Sunday, June 09, 2013

Rosário Breve Carlos, Ionesco e N’Dinga por Daniel Abrunheiro

Os livros bons são os que procuram (e encontram) gente que coincida com eles. Há anos que porfio as estopinhas para ser capaz de um – até hoje, porém, nem um dos que já fiz ao desbarato dos anos me trouxe população a suficiente para uma matraquilhada completa: a minha carreira por assim dizer literária tem sido jogar sozinho ao varão da baliza e ao idem do ataque. Cheiro a óleo e a pano de desperdício, mas coincido comigo. É justo. Mas.
Mas, aqui há dias poucos, aconteceu-me uma epifania gentil. Foi no Café Colonial (o da Rosa, vós sabeis, aquele ali além). É lá que me dedico às minhas três principais tarefas: escrever, escreviver & escrebeber. Cada uma leva às outras duas. (Posto assim, parece magia – e é-a.)
Foi portanto no Colonial da Rosa. Tinha eu acabado de revisitar uma frase portentosa de um gajo romeno chamado Ionesco: “Cada um de nós é o primeiro a morrer.” Senti-me logo coincidido. Verdade. Um gajo nasce como toda a gente, mas morre só como só um. A vida é tipo Maria-vem-como-as-outras. A morte faz-nos príncipes, aniversariantes do mesmo eterno dia. Pena que tal palaciana glória dure tão pouco, pena tanto gás para tão pouco champanhe. Mas adiante.  
Foi então que ele entrou. Chama-se Carlos. Cavalheiro freguês, há bem mais décadas do que eu, do Colonial, é de olhos líquidos, vívidos e vividos. Delicado no falar e no manusear, a primeira e talvez mais definitiva impressão que dá – é a de alguém que gosta de viver. E do que viveu. E do que viver lhe falta, por tanta falta sentir que viver lhe faz.
Este senhor costuma tomar o abatanado e a meia-torrada em mesa da minha vizinha. Deve ter pensado, se calhar mal, que eu seria capaz de escrever a história dele. Que é esta:
A 17 de Julho de 2005 foi-lhe diagnosticado um linfoma sublingual. Cancro. Cancro tem seis letras, a primeira é C – como Carlos. Ele tinha completado 57 anos oito dias antes: era um rapaz, portanto. Moço de mais para saber se Ionesco está ou não certo.
Até então, uma vida de trabalho resgatada aos trabalhos da vida: moço-de-recados aos 13 anos, contabilista aos 19 (idade em que se casa com outra criança como ele), supervisor turístico aos 24. Falida a Torralta para que trabalhava, embarca a partir dos primeiros tempos pós-25 de Abril no ofício de “olheiro” de futebol em África. Para Vitória de Guimarães, Desportivo de Chaves, Leixões, Rio Ave e FCP, viaja e “olha” por Gana, Zimbabwe, Congo(s), Mali.
Acumulando-se representante de vinhos alentejanos e durienses na zona Centro do País, conhece finalmente Ivone, que para médica estudava em Coimbra. Casa-se com ela logo que pôde, que só olhar, mesmo por ofício, não chega, mesmo para o caçador de talentos nela, mulher, confirmado. Trinta anos passam num fósforo. Até esse 17 de Julho de 2005. Linfoma. Na base da língua. Cancro. A morte na boca antes de no papo.
– Daniel, é uma rua escura. Não tem luz. Não tem janelas.”
Mas tem Ivone.
Sabe o povo, e di-lo bem, que quem se ionesca ao mar, ivona-se em terra. Médica sempre, mas esposa para sempre, revolve céus e lezírias em prol do pai da sua Catarina. Voltam ambos à Coimbra do tempo primeiro em comum. Vão ao IPO, onde o(s) acolhe(m) o doutor Arnaldo Guimarães e respectiva equipa.
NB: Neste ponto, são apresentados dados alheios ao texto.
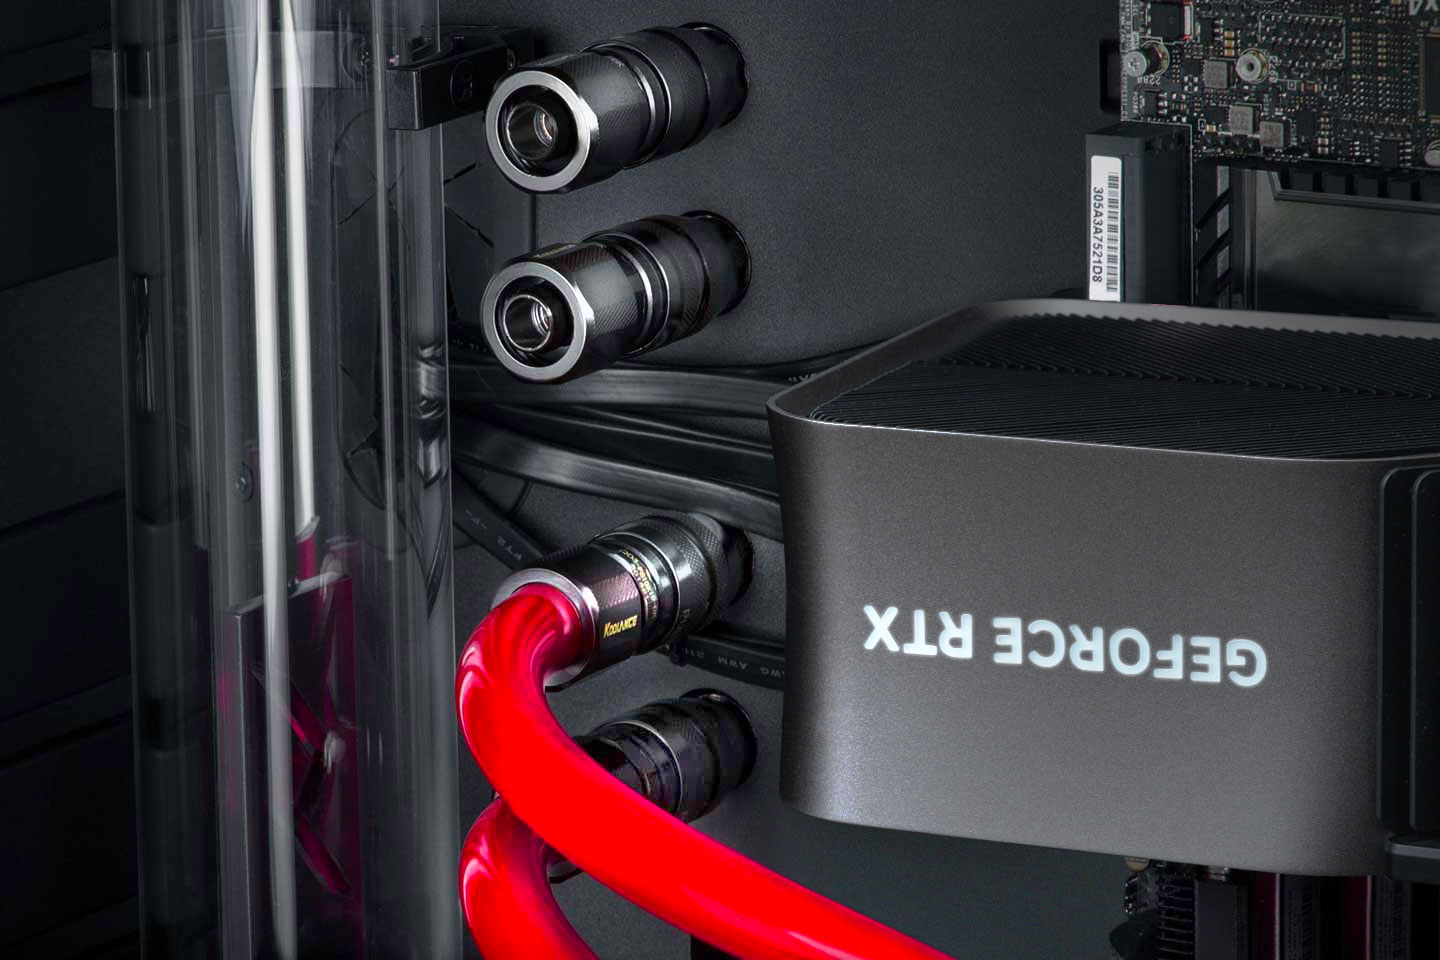 Aventum-X insides featuring cooling ports

Há oito anos que a tal “rua” voltou a ter “janelas”.
Digo eu, sem errar muito talvez, que janelas são o lapso espácio-temporal por que transitam o dentro e o fora.
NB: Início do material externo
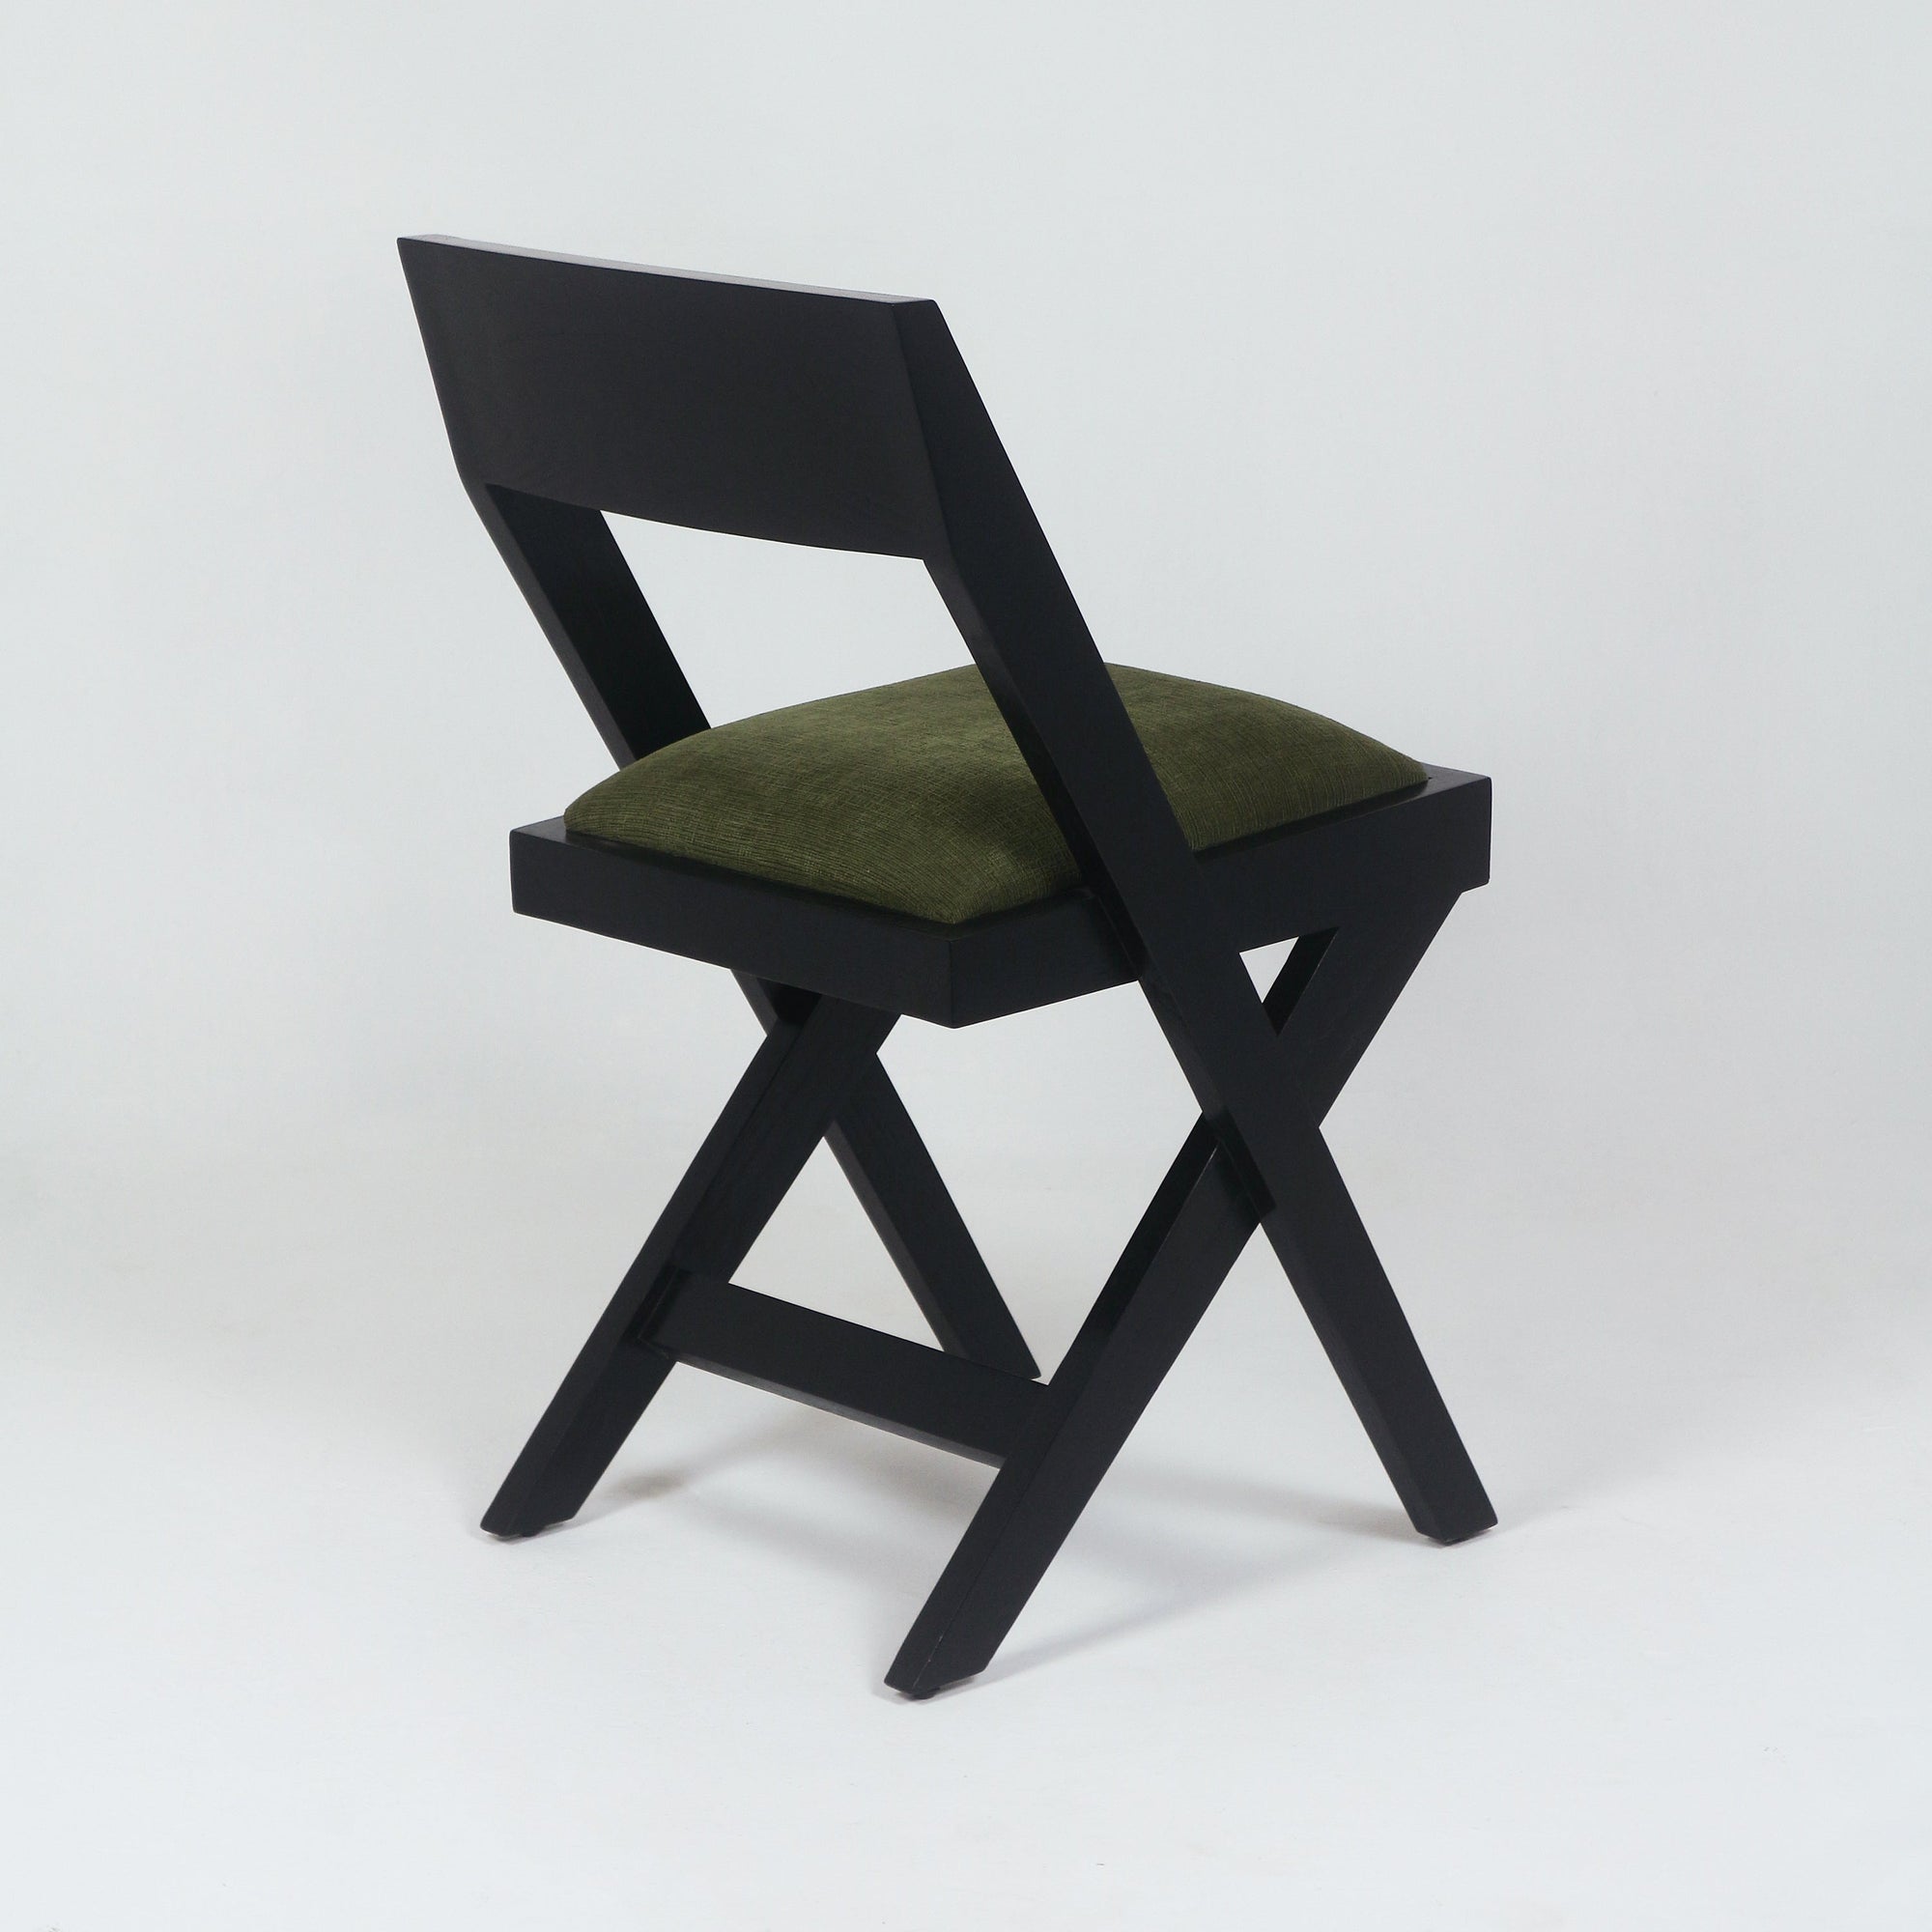 Solid Ash Jeanneret Inspired Library / Dining Chair

É neste ponto que o Carlos, levando como todos os dias o almoço à mãe (aos 64 anos, ainda tem mãe, o danado, o felizardo), me sopra uma manchete que o Tempo me torna impublicável: sussurra-me ele que, há coisa de valentes anos, esteve vai-não-vem para trazer o Ionesco para o Guimarães, mas que a coisa só se não concretizou porque os vitorianos preferiram o zairense N’Dinga, que não era romeno nem jamais constou que, como Carlos, fosse gajo para morrer primeiro, ou para, restabelecida a igualdade no marcador, não ser, para sempre, o primeiro a viver.